··· DATA SHOWN

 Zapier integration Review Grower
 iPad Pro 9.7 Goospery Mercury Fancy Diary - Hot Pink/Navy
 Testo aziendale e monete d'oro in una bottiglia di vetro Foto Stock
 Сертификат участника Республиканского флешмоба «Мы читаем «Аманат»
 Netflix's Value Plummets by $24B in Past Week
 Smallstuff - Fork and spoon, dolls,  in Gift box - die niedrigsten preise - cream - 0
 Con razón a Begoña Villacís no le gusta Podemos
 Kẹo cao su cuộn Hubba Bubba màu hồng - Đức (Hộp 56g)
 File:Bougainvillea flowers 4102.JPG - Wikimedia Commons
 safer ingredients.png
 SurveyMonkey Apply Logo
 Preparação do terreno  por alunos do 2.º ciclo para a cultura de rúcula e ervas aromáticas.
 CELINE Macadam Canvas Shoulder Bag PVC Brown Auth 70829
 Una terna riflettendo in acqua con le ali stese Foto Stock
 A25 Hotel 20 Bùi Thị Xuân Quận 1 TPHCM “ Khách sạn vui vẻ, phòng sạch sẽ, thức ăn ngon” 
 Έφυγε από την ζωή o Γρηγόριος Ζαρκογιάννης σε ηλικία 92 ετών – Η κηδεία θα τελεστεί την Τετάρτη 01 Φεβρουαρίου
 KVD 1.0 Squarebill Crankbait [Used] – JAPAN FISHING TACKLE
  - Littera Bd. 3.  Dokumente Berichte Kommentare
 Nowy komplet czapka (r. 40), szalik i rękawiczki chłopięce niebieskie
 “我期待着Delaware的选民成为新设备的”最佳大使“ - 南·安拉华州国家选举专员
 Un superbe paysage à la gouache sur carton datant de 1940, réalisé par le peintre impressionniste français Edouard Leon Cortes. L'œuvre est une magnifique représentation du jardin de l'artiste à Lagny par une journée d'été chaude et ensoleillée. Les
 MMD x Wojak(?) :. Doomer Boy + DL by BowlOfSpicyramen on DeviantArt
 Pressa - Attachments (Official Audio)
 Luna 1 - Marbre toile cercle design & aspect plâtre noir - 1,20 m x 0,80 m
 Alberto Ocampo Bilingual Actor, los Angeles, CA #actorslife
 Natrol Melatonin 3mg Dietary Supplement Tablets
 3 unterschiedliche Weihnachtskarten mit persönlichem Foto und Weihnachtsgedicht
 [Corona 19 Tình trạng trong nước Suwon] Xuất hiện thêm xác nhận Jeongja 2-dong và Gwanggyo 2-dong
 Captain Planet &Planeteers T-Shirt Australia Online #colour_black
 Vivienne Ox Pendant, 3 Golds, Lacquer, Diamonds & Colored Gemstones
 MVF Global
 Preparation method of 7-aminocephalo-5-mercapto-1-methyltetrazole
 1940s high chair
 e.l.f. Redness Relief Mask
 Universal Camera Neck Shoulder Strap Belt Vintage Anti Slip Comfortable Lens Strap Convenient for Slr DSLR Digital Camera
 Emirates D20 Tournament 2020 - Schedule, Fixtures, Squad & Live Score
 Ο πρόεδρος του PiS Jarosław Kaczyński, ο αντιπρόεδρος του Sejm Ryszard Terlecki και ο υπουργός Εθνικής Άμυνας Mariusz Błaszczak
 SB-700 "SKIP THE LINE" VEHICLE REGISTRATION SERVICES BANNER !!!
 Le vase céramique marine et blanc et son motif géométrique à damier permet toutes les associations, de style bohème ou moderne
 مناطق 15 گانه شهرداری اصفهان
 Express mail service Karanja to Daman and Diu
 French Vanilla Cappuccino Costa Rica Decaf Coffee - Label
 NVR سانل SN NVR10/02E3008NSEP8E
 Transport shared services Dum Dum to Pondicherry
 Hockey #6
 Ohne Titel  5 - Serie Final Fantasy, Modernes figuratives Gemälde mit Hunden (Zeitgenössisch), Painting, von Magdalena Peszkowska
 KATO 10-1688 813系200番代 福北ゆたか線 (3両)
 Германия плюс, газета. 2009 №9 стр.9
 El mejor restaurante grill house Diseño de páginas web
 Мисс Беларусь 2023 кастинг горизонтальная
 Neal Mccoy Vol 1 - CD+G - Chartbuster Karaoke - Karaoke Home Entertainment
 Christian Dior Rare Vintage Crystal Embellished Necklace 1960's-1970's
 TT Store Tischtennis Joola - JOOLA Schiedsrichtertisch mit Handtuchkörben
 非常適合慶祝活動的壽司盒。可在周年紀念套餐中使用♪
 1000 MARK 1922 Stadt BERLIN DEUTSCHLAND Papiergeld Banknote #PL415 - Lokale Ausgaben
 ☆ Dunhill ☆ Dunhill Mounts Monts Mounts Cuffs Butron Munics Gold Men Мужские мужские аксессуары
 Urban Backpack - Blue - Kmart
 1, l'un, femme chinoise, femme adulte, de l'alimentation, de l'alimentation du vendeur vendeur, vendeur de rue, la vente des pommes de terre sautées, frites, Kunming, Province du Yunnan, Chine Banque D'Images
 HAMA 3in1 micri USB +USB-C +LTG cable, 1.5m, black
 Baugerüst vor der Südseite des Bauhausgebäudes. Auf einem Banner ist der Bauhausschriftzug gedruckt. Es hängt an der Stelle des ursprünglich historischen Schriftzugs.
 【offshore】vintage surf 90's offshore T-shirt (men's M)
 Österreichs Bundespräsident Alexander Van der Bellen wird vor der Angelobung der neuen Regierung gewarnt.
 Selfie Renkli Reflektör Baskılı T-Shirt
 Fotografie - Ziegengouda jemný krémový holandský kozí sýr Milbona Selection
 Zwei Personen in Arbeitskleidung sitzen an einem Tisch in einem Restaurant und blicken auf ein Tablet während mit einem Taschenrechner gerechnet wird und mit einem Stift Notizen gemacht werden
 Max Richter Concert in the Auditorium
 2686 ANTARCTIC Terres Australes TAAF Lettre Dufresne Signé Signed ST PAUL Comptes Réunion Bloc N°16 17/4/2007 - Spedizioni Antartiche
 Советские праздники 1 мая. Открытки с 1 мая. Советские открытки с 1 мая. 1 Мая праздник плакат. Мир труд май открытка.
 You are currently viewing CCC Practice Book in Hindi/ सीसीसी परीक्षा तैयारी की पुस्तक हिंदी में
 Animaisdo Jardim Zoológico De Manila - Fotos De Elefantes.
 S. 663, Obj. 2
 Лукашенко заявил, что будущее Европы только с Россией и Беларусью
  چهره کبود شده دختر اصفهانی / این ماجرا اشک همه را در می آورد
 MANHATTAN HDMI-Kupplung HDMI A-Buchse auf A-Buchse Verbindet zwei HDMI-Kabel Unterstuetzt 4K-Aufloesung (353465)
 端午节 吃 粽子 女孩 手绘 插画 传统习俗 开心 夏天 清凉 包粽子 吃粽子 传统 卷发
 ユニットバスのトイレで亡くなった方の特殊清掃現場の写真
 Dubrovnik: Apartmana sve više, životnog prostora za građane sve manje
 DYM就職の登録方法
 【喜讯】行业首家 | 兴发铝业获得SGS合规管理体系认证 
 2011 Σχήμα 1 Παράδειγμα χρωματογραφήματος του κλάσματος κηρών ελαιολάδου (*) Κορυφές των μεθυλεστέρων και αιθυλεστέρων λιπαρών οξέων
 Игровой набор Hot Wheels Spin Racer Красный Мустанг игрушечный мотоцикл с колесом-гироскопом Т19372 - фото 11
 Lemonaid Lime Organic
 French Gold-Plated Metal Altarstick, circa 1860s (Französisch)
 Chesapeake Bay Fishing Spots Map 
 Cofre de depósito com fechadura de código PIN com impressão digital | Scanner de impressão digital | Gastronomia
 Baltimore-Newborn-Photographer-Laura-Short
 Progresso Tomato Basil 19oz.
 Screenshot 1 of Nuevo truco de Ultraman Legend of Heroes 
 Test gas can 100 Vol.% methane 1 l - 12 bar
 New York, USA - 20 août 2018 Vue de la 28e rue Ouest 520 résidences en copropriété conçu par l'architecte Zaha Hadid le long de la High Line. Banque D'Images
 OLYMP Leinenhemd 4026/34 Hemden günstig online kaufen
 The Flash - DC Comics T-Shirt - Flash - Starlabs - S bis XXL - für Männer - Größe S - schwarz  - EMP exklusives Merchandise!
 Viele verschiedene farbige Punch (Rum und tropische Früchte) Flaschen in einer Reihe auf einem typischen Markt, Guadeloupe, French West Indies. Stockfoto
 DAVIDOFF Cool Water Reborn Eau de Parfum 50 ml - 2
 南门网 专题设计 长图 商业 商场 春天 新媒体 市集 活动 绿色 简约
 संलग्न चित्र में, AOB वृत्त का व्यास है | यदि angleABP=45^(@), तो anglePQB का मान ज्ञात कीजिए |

······

#### EXERCISE DETAILS:
Repeat exactly the lines above from the one with "von Magdalena Peszkowska" up to and including the one with "Fotografie - Ziegengouda". No other line belongs in the reply.

#### REPLY:
 Ohne Titel  5 - Serie Final Fantasy, Modernes figuratives Gemälde mit Hunden (Zeitgenössisch), Painting, von Magdalena Peszkowska
 KATO 10-1688 813系200番代 福北ゆたか線 (3両)
 Германия плюс, газета. 2009 №9 стр.9
 El mejor restaurante grill house Diseño de páginas web
 Мисс Беларусь 2023 кастинг горизонтальная
 Neal Mccoy Vol 1 - CD+G - Chartbuster Karaoke - Karaoke Home Entertainment
 Christian Dior Rare Vintage Crystal Embellished Necklace 1960's-1970's
 TT Store Tischtennis Joola - JOOLA Schiedsrichtertisch mit Handtuchkörben
 非常適合慶祝活動的壽司盒。可在周年紀念套餐中使用♪
 1000 MARK 1922 Stadt BERLIN DEUTSCHLAND Papiergeld Banknote #PL415 - Lokale Ausgaben
 ☆ Dunhill ☆ Dunhill Mounts Monts Mounts Cuffs Butron Munics Gold Men Мужские мужские аксессуары
 Urban Backpack - Blue - Kmart
 1, l'un, femme chinoise, femme adulte, de l'alimentation, de l'alimentation du vendeur vendeur, vendeur de rue, la vente des pommes de terre sautées, frites, Kunming, Province du Yunnan, Chine Banque D'Images
 HAMA 3in1 micri USB +USB-C +LTG cable, 1.5m, black
 Baugerüst vor der Südseite des Bauhausgebäudes. Auf einem Banner ist der Bauhausschriftzug gedruckt. Es hängt an der Stelle des ursprünglich historischen Schriftzugs.
 【offshore】vintage surf 90's offshore T-shirt (men's M)
 Österreichs Bundespräsident Alexander Van der Bellen wird vor der Angelobung der neuen Regierung gewarnt.
 Selfie Renkli Reflektör Baskılı T-Shirt
 Fotografie - Ziegengouda jemný krémový holandský kozí sýr Milbona Selection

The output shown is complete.